[[ Stored data open ]]
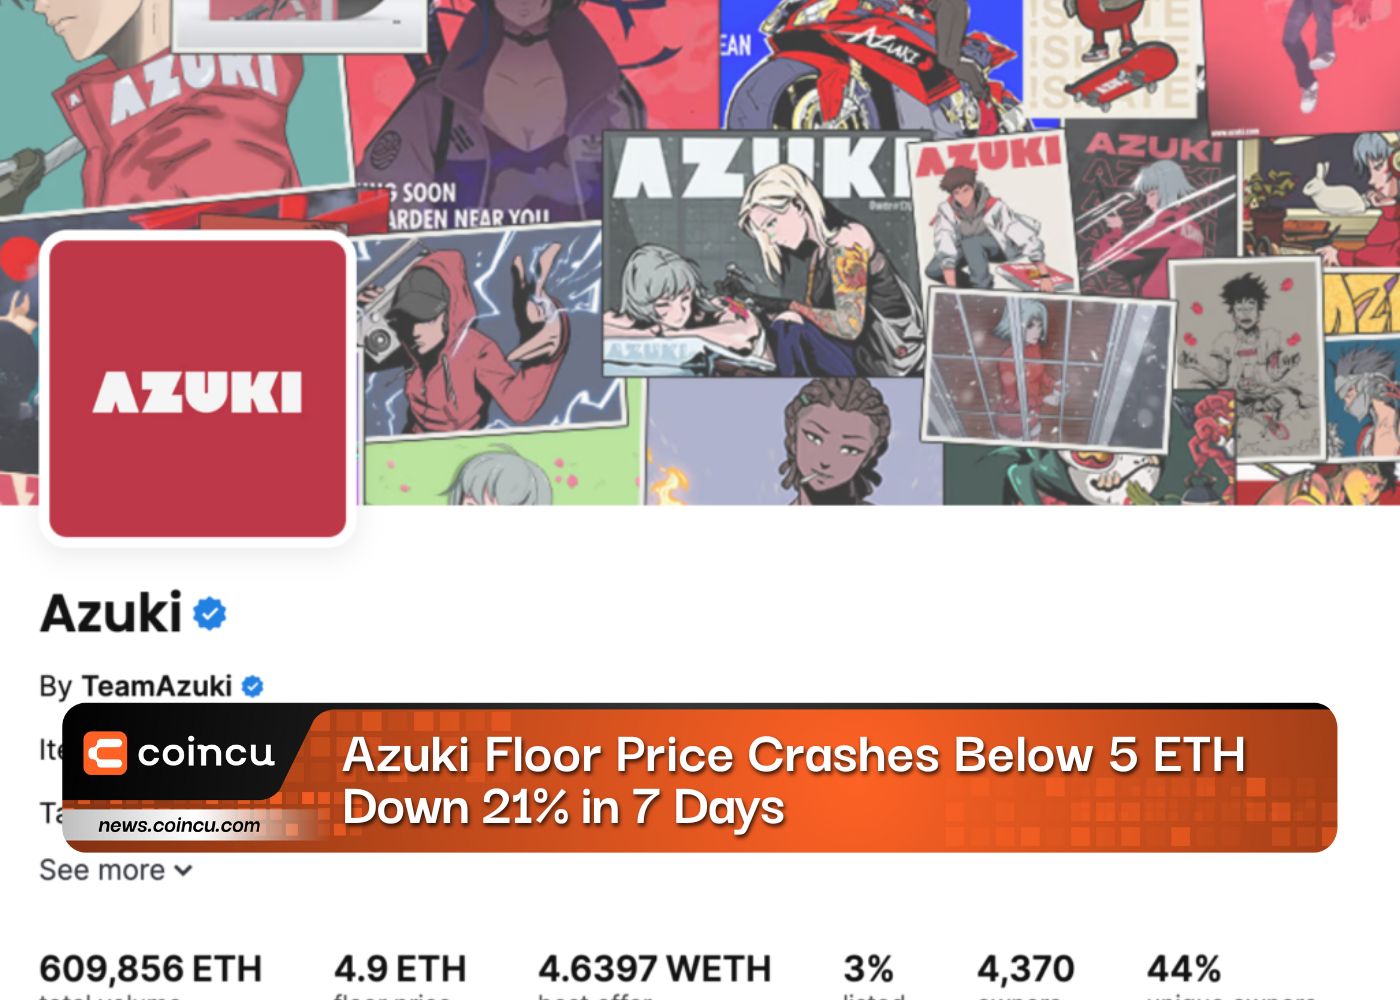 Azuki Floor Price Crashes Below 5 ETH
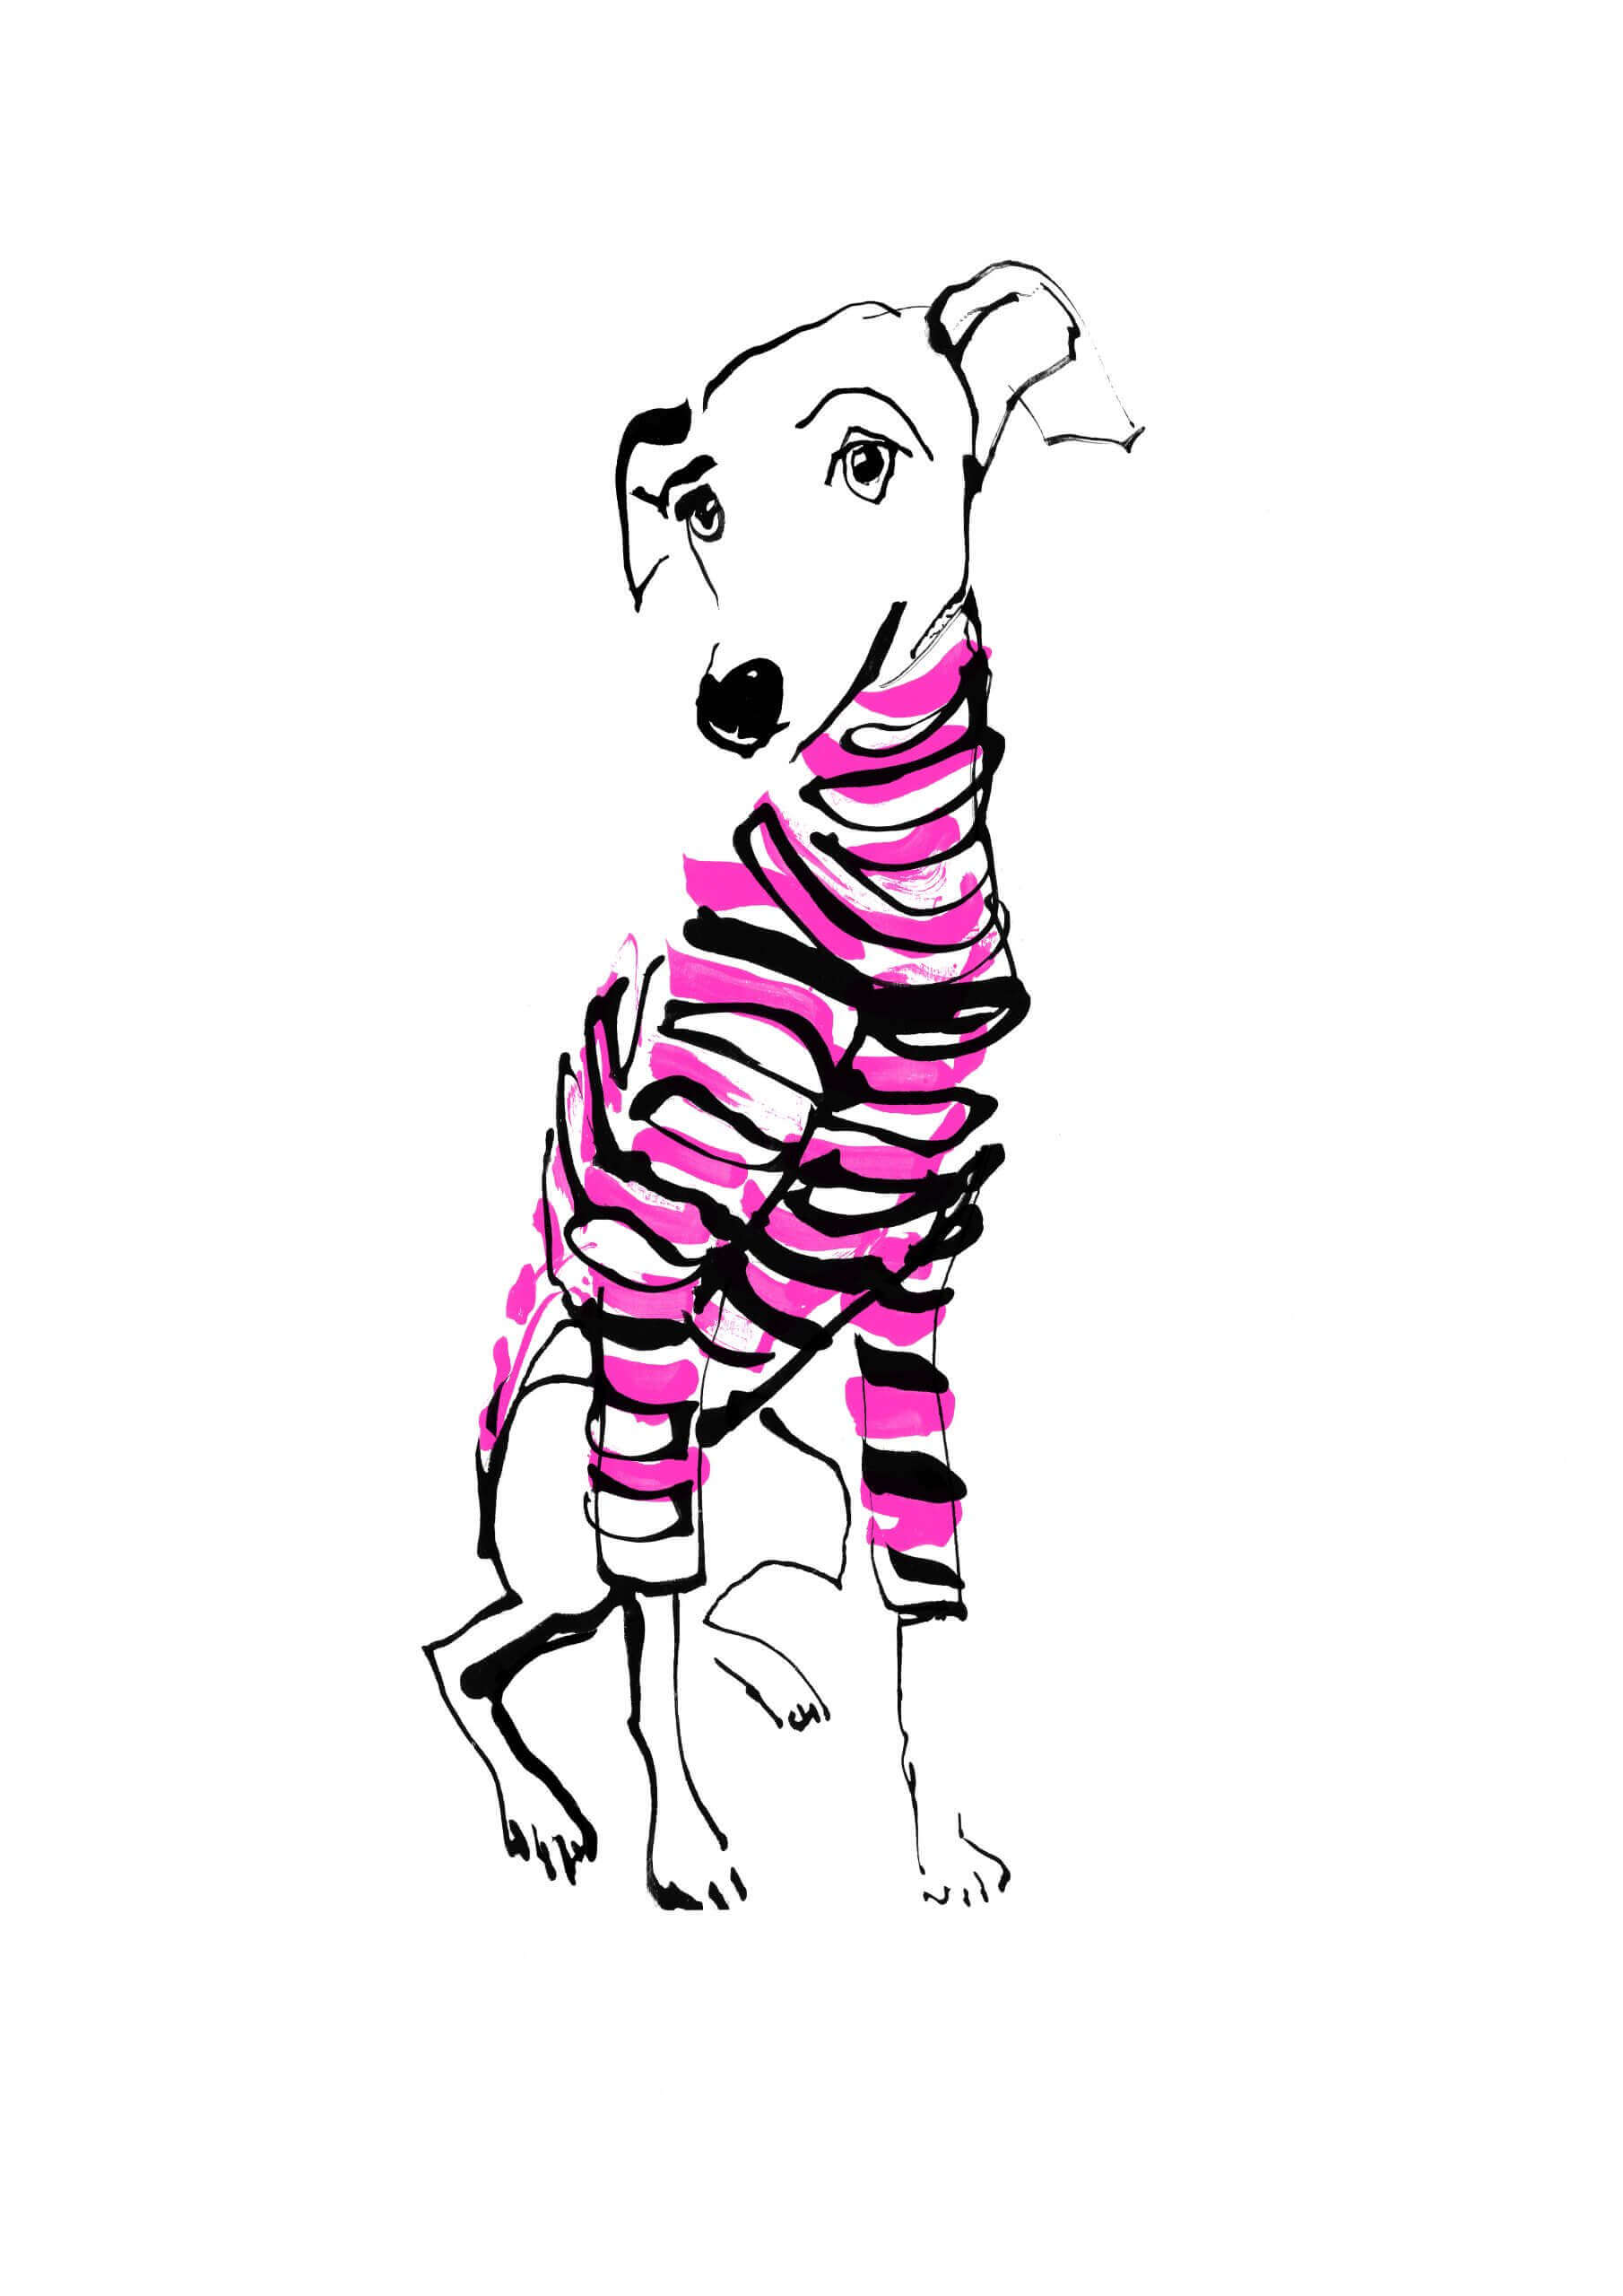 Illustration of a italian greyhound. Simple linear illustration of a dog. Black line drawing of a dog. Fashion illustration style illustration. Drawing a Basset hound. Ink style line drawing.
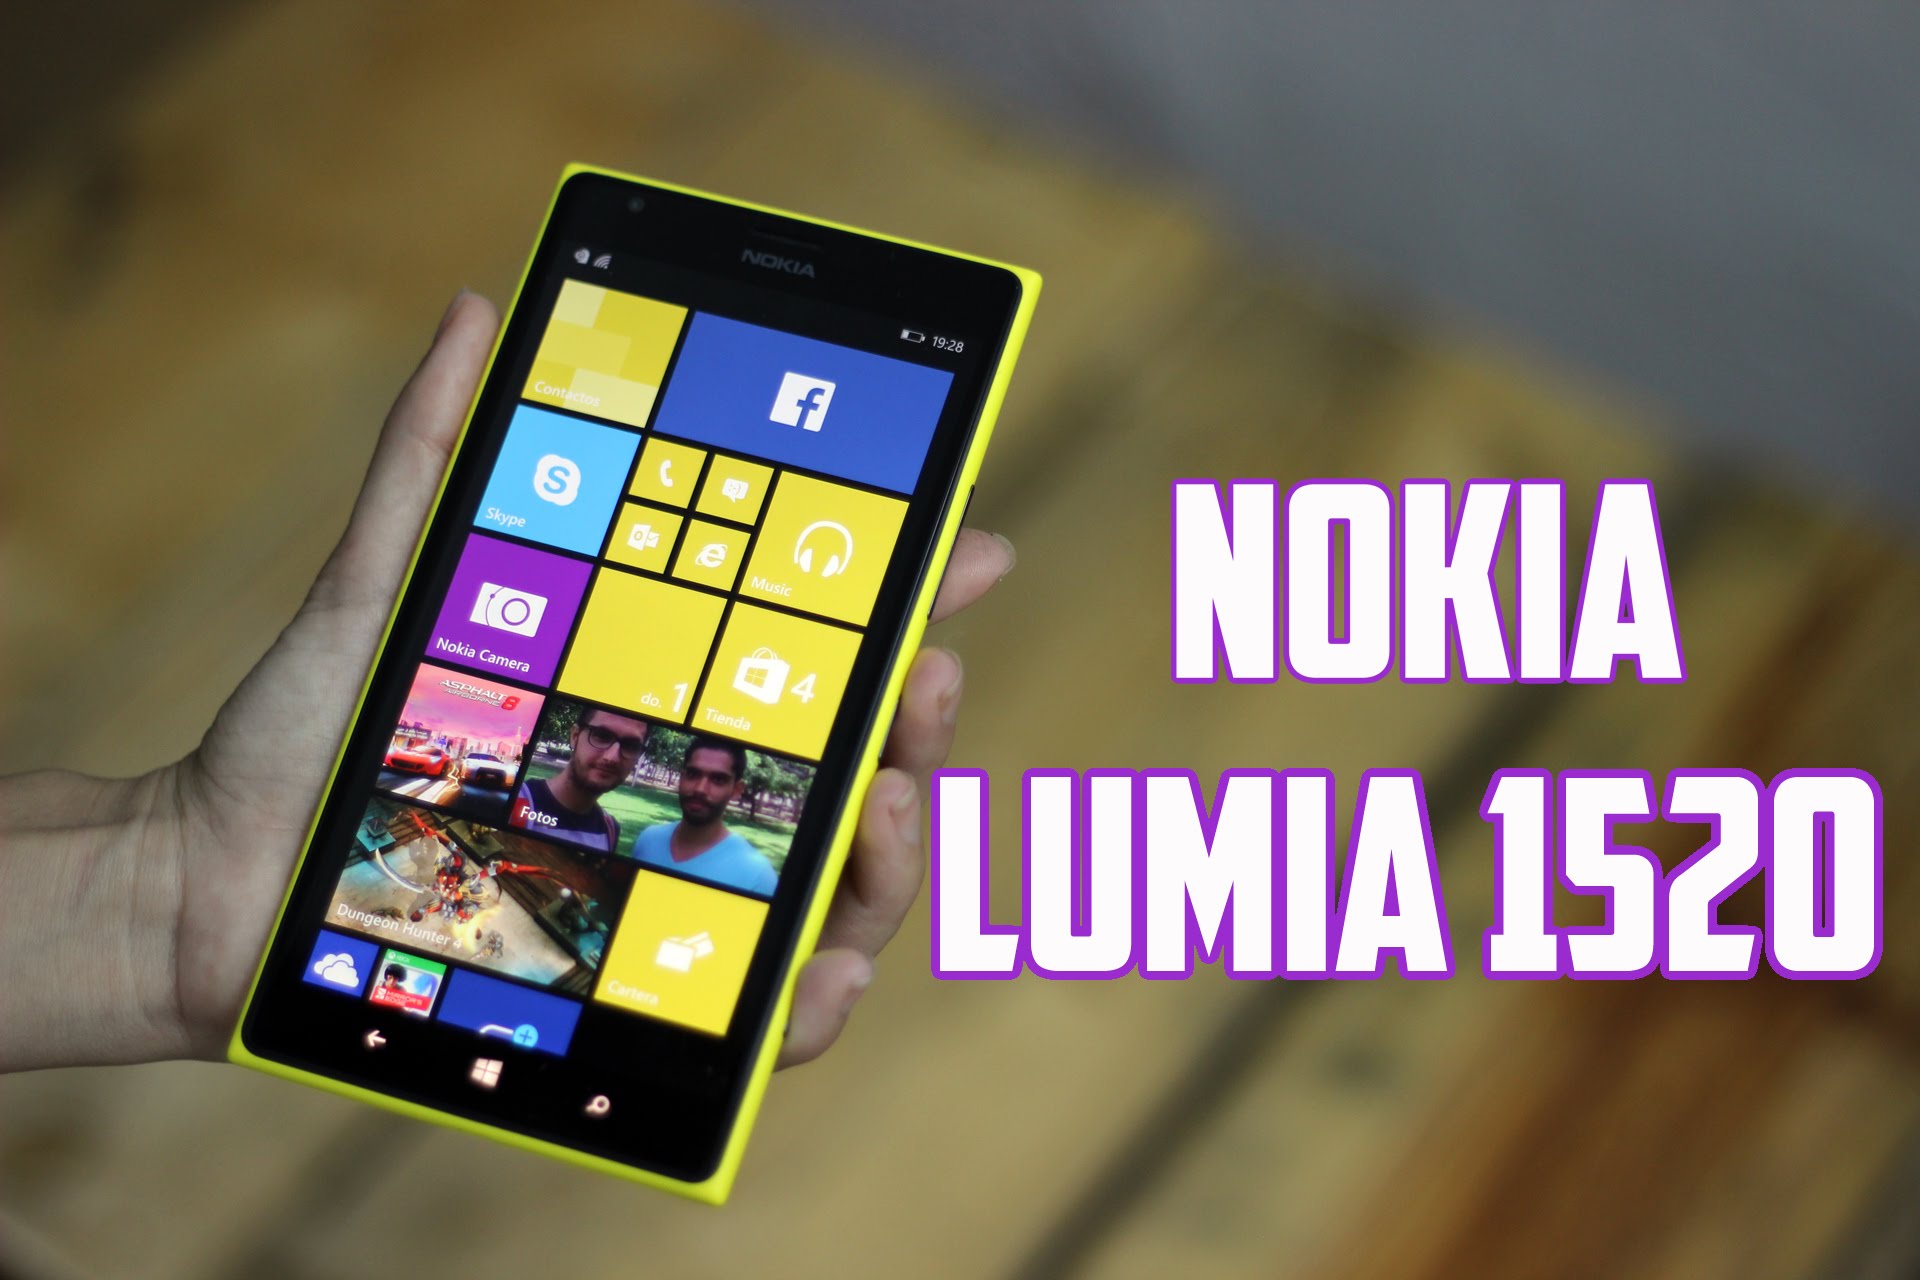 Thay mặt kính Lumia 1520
[[ Stored data closed ]]
## [Your task]
Reproduce the listing word for word. Do not carry over the pictures.

## [Exercise solution]
 Azuki Floor Price Crashes Below 5 ETH
 Illustration of a italian greyhound. Simple linear illustration of a dog. Black line drawing of a dog. Fashion illustration style illustration. Drawing a Basset hound. Ink style line drawing.
 Thay mặt kính Lumia 1520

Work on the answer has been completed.